Die Datenbereinigung hilft bei der Vorbereitung von Daten für die Berichterstellung und Analyse während des ETL-Prozesses (Extrahieren, Transformieren und Laden). Die Datenaufbereitung stellt sicher, dass nur qualitativ hochwertige Daten für die Entscheidungsfindung und Analyse verwendet werden. Beispielsweise erhält ein Einzelhandelsunternehmen Daten aus mehreren Quellen, z. B. einem CRM- oder ERP-System, die fehlerhafte Informationen oder doppelte Daten enthalten.

Ein gutes Datenbereinigungstool würde die Inkonsistenzen in den Daten identifizieren und korrigieren. Die bereinigten Daten werden dann in das Standardformat konvertiert und in eine Zieldatenbank geladen oder Data Warehouse.

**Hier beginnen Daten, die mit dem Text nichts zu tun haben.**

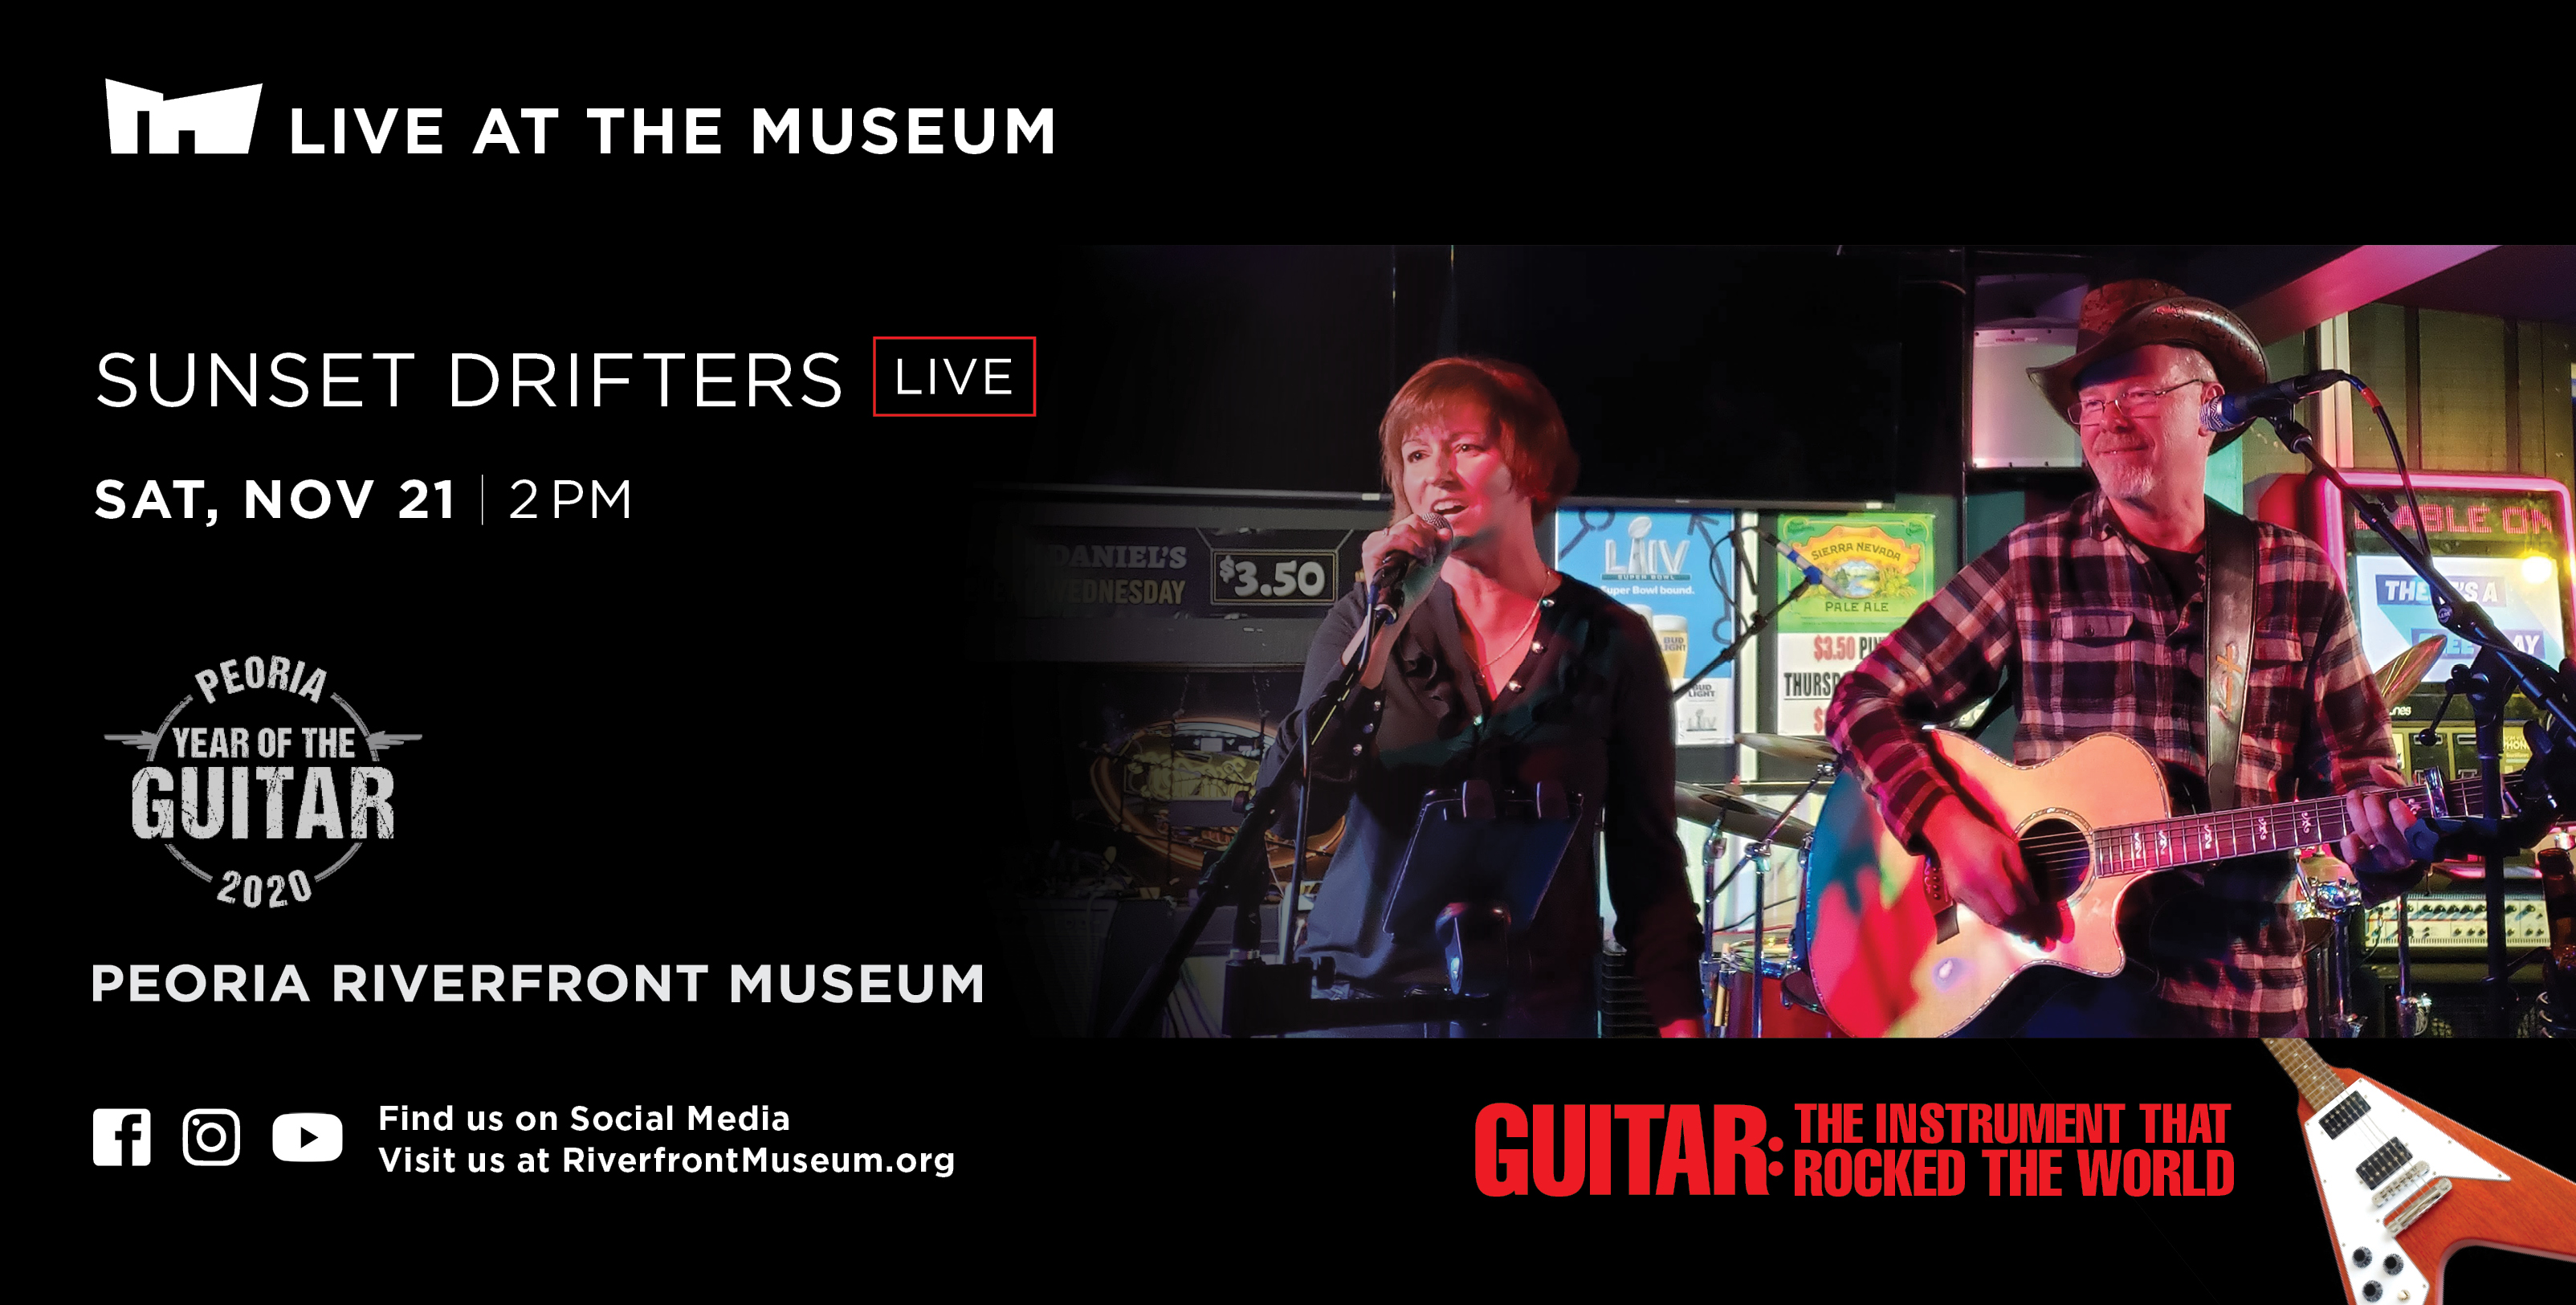 Exhibit Guitar Programs Sunset Drifters

Schritte zur Datenbereinigung

Hier sind einige Schritte, die Sie unternehmen können, um sicherzustellen, dass Ihre Daten ordnungsgemäß bereinigt werden:

  1. Identifizieren Sie Datenqualitätsprobleme:

    Beginnen Sie mit der Analyse der Daten, um potenzielle Qualitätsprobleme zu identifizieren. Dabei werden die Daten auf Inkonsistenzen, Fehler, Duplikate, fehlende Werte, Formatierungsprobleme und andere Anomalien untersucht, die sich auf die Datenqualität auswirken können.

  2. Definieren Sie Datenqualitätsregeln:

    Legen Sie Datenqualitätsregeln fest, die auf Geschäftsanforderungen und Best Practices der Branche basieren. Diese Regeln definieren die Kriterien, die Daten erfüllen müssen, um als sauber und genau zu gelten. Regeln können beispielsweise gültige Wertebereiche, Datenformate, Eindeutigkeitsbeschränkungen oder referenzielle Integritätsanforderungen festlegen.

  3. Daten bereinigen und standardisieren:

    Wenden Sie Bereinigungstechniken an, um Probleme mit der Datenqualität zu beheben. Dazu gehören das Entfernen oder Korrigieren von Fehlern, das Auffüllen fehlender Werte, das Standardisieren von Formaten und das Beheben von Inkonsistenzen. Techniken wie Datenanalyse, Datenvalidierung und Datentransformation werden eingesetzt, um die Daten mit definierten Qualitätsregeln in Einklang zu bringen.

  4. Duplikate entfernen:

    Identifizieren und entfernen Sie doppelte Datensätze aus dem Datensatz. Doppelte Daten können zu Ungenauigkeiten führen und Analyseergebnisse verfälschen. Techniken wie Datensatzvergleich, Fuzzy-Matching und Datendeduplizierungsalgorithmen werden verwendet, um Duplikate effektiv zu identifizieren und zu entfernen.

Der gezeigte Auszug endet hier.